Michele BW on September 03, 2012:

love your illustrations, i just was curious to others methods & mine is like urs as far as cleaning. but i wouldn't change anything in your article. well written! just read one on allrecipes where the lady told them to clean them in cold water, i was floored :?

miss b on September 02, 2012:

Thanks the hot water was a great tip

Grace Marguerite Williams from the Greatest City In The World-New York City, New York on July 28, 2012:

Excellent hub, my mother is from South Carolina. She loved chittlins, especially with black eyed peas. I, myself, cannot stand them. Well, to each, his/her own!

mondo on June 22, 2012:

Southern boy here, anytime there's a pig roast, I'm the boy after the chitlins. Haha. Never thought of usin lemon and stuff, though momma. Thanks for the tip.

Valerie Washington (author) from Tempe, Arizona on April 25, 2012:

Thanks for the reply Tee eye, even when at their cleanest, as they should be before cooking, chitterlings do have a distinctive smell; but it does go away while cooking them!

Tee eye on April 18, 2012:

One thing I know, is if they are smelling while you cooking. 1) they are not clean, 2). You do not use a potato or viniger, clean them properly.

RM on February 08, 2012:

Yes, I am a chitterling fan. I haven't had time to prepare any over the last couple of years but I plan on doing so before this summer. I cant wait!

Bertha on December 20, 2011:

I really enjoyed reading this article. Having been born in the country in Central Texas, I would go to my Grandparent's farm where they would slaughter the hogs in the winter months & my Grandmother would cook the chitterling in a big black cast iron pot over a wood fire. Learned a lot in the country during my 62 years. Thanks

Valerie Washington (author) from Tempe, Arizona on November 30, 2011:

Thanks Rachelle. We had chitlins for Thanksgiving - they were yummy!
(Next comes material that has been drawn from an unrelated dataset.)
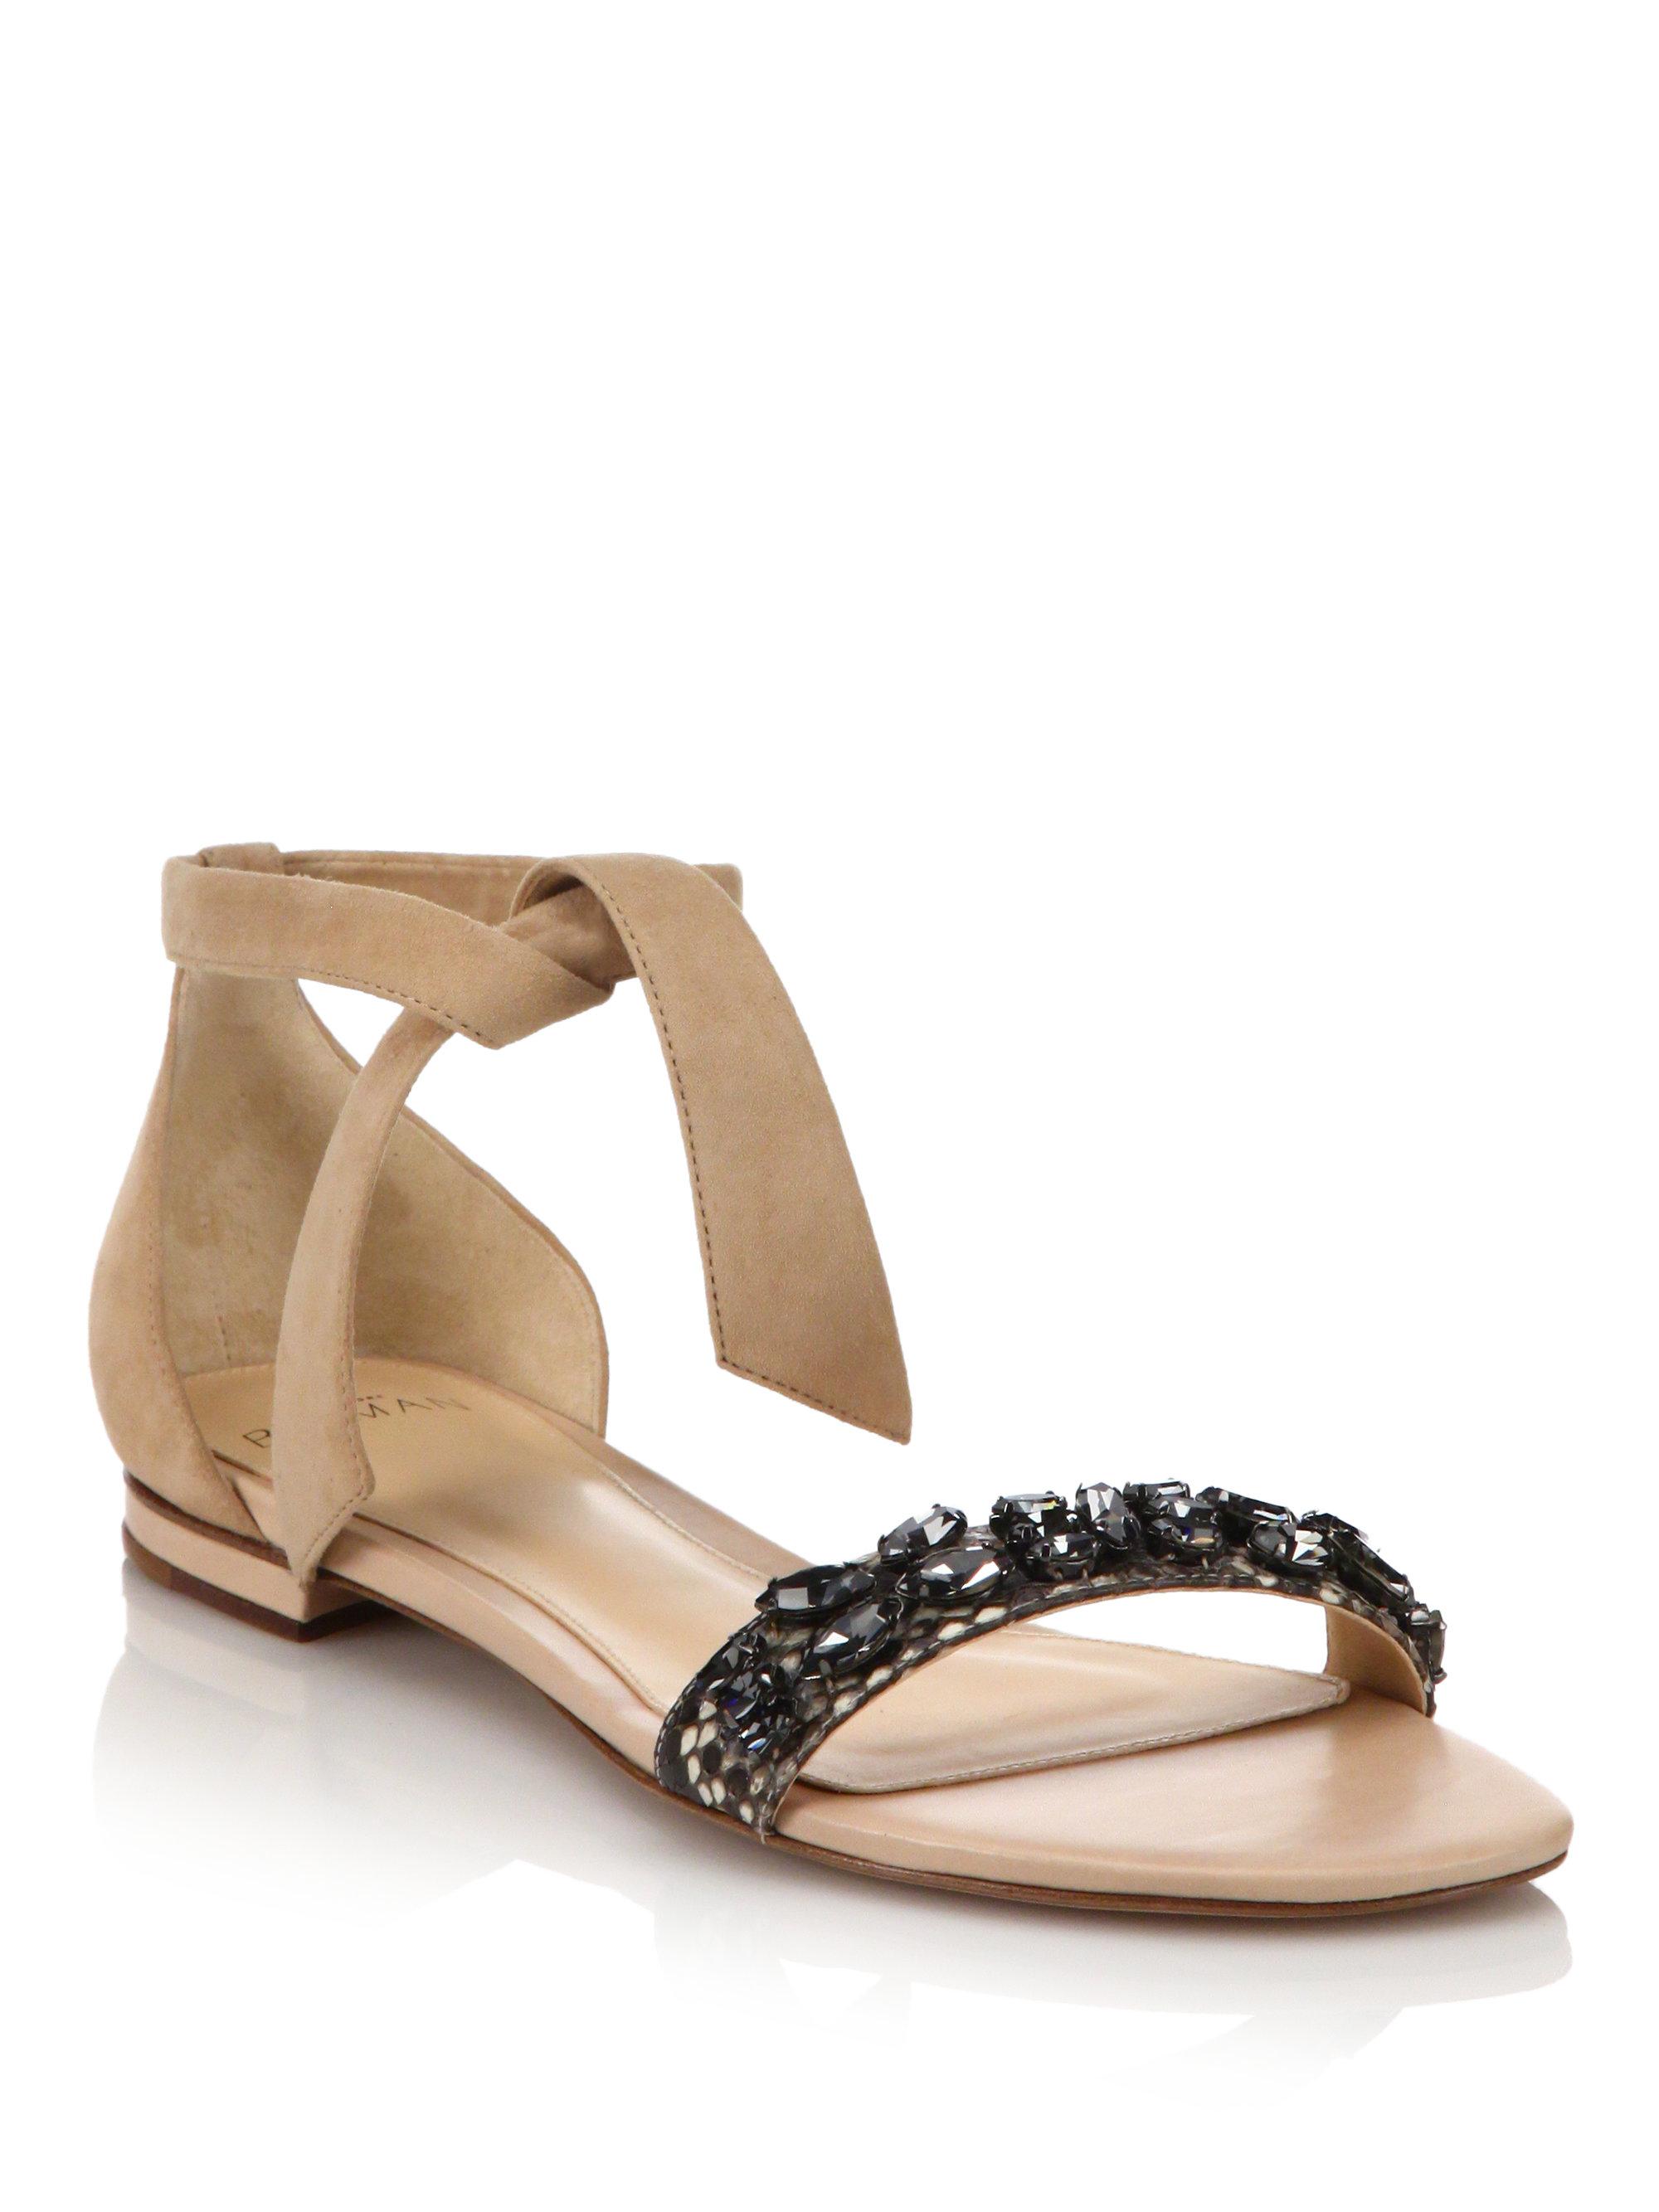 Alexandre Birman Clarita Jeweled Suede U0026 Python Flat Sandals In Black | Lyst
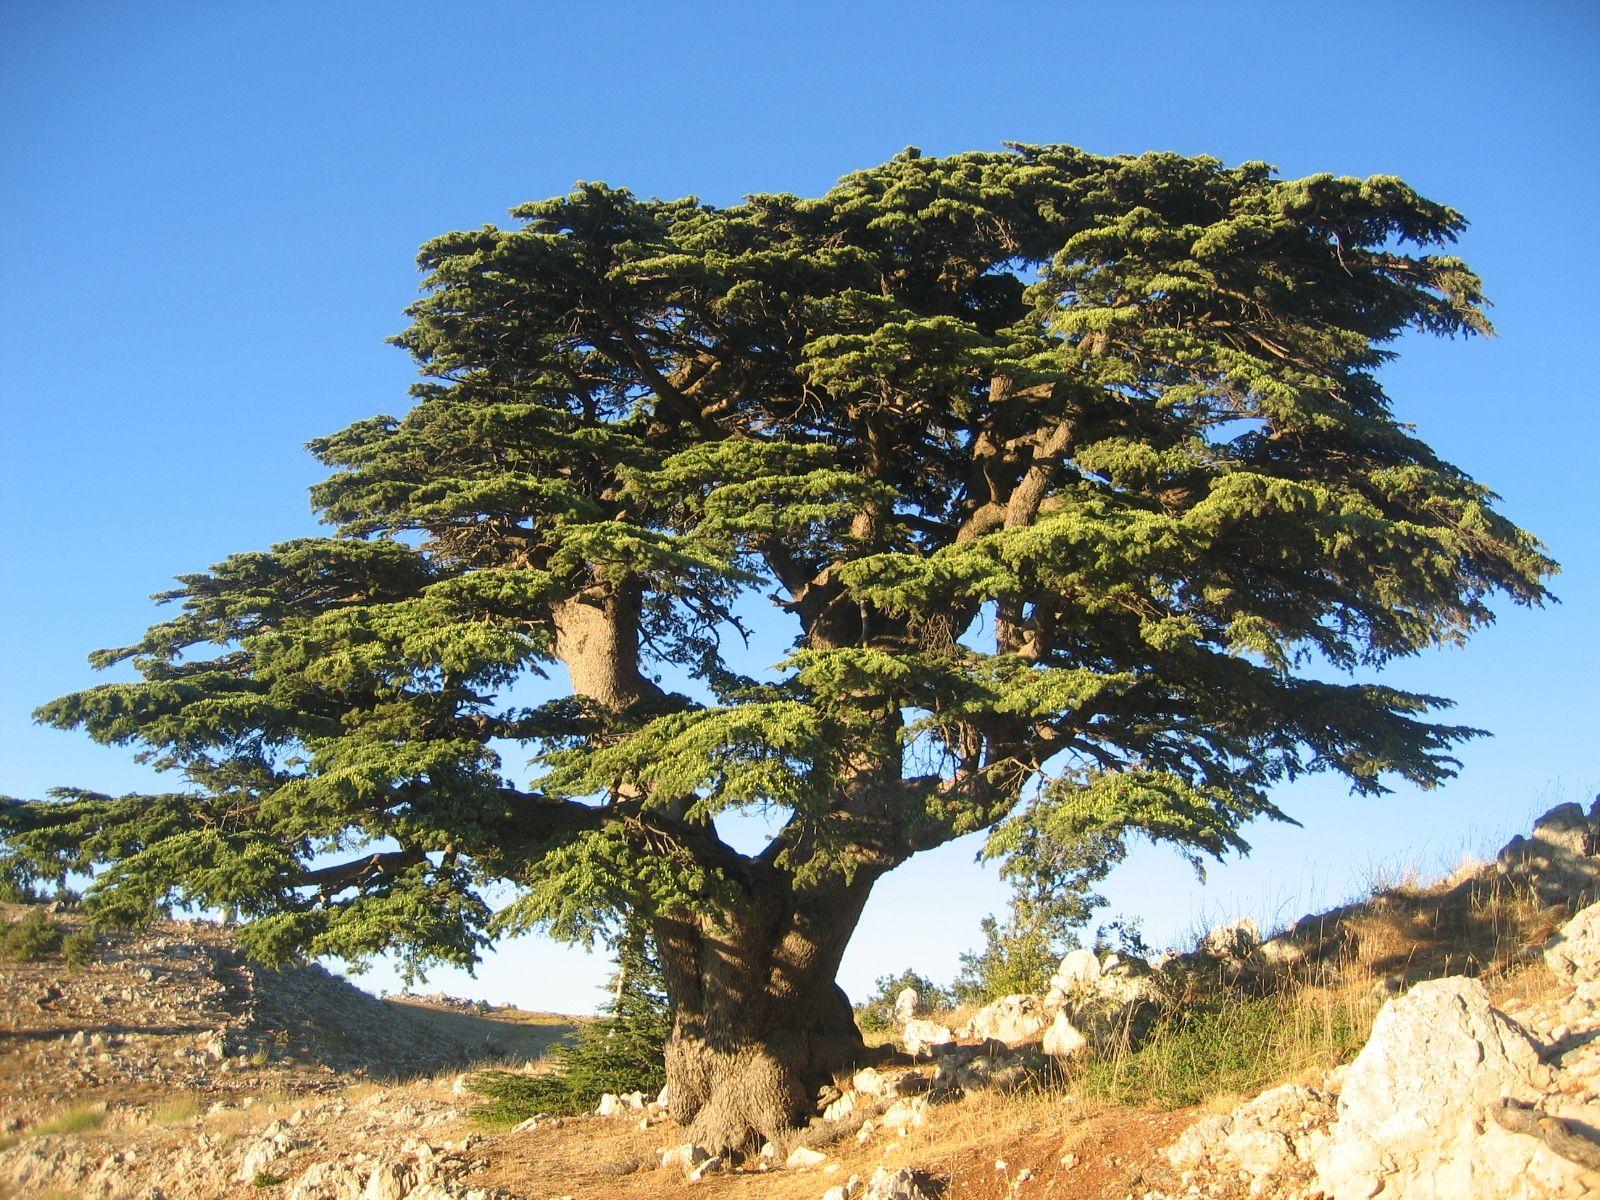 Cedrus Libani, Rvore Consagrada A J Piter, Regente De 2014

Rachelle Williams from Tempe, AZ on November 29, 2011:

I haven't had chitlins in more than 10 years, it would be good to have some now... Thanks for sharing this informative hub, it brought back so many memories for me.

Excellent Hub!

RedElf from Canada on October 09, 2011:

My daughter-in-laws people (Woodland Cree) use all parts of the animal on way or another. Their motto is "you killed it - you eat it" (or use it up). Fascinating history!

Valerie Washington (author) from Tempe, Arizona on October 09, 2011:

Hi Arlene, I have yet to try fried chitlins (I'm embarrassed to say) but really want to. Maybe you could provide a hub on it? (smile) Thanks for the nice comment!

Arlene V. Poma on October 09, 2011:

stayingalivemoma: Voted up, useful, interesting and AWESOME. My mom and dad are from the Philippines. They roll the chitlins in flour, then fry them. Thank you for your interesting piece. Wonderful history,research and writing.